The dispute erupted when the US relocated 15 aircraft, including refuelling tankers, from the Rota and Moron military bases in southern Spain on Monday after the country’s socialist government said it would not allow them to be used to attack Iran.
Trump has also referred to Spain’s refusal to raise spending on NATO from 2 to 5 percent of gross domestic product, saying “Spain has absolutely nothing that we need.”
Sanchez has provoked Trump’s anger with policies including refusing to let vessels transporting weapons to Israel dock in Spain and condemning Israel’s genocide in Gaza. Spain was among the first European nations to recognise a State of Palestine in 2024, along with Ireland, Slovenia and Norway.
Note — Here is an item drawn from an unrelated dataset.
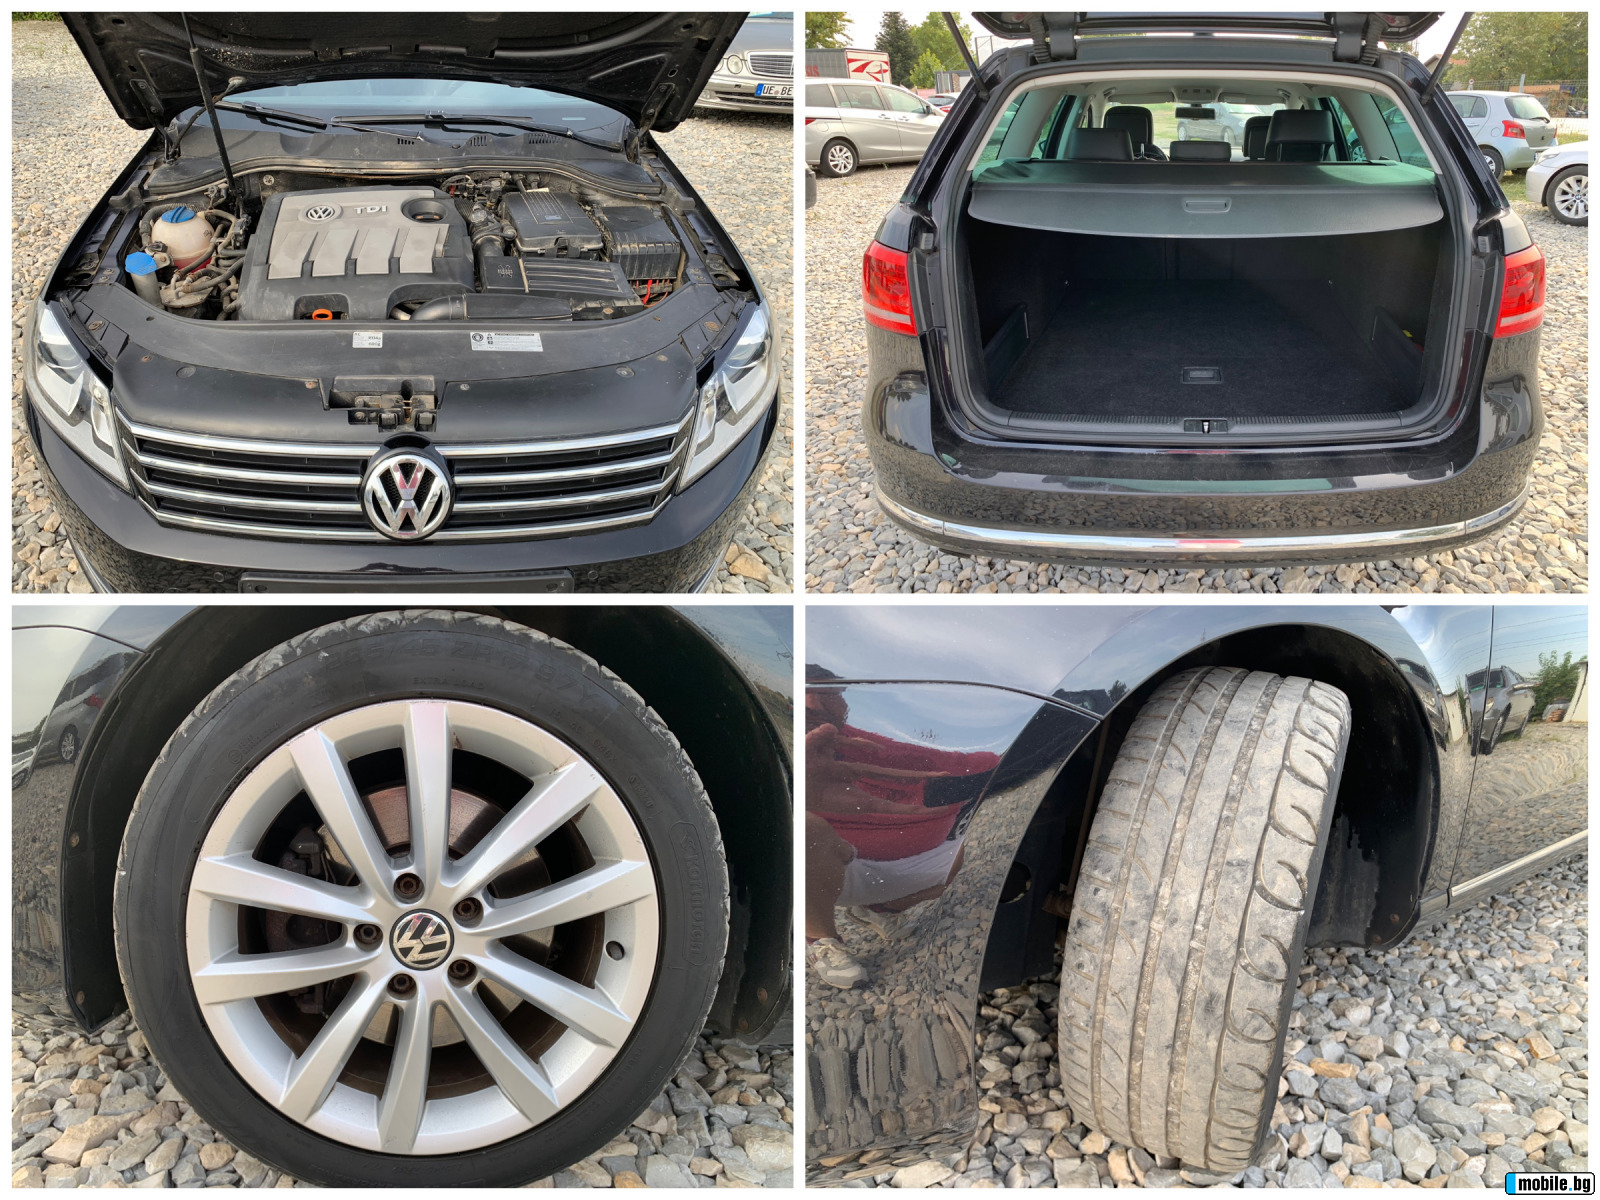 VW Passat 1.6TDI Highline / 105HP / Full optional | Mobile.bg   15

“Trump is just angry because Spain has refused to raise NATO spending and condemned the technology companies connected with social media. And done this publicly,” said Burguete.
Spain last month announced it was considering banning children under 16 from accessing social media, and was studying legal action against Grok, Instagram and TikTok.
Bruguete said he believed Sanchez took this stance against the war because he opposed the “strongman politics” of Trump, but also because it played well domestically before the general elections next year.
“There is no doubt that the foreign policy of Trump is not popular in Spain,” he added.
Spain is the world’s top exporter of olive oil and sells auto parts, steel and chemicals to the US, but is less vulnerable to Trump’s threats of economic punishment than other European nations.
The US had a trade surplus with Spain for the fourth year in a row in 2025, at $4.8bn, according to US Census Bureau Data, with US exports of $26.1bn and imports of $21.3bn.
The EU said on Wednesday it expected the US to abide by a trade deal with the EU, was “ready to act” to safeguard its interests, and stood in “full solidarity” with member states, but did not name Spain.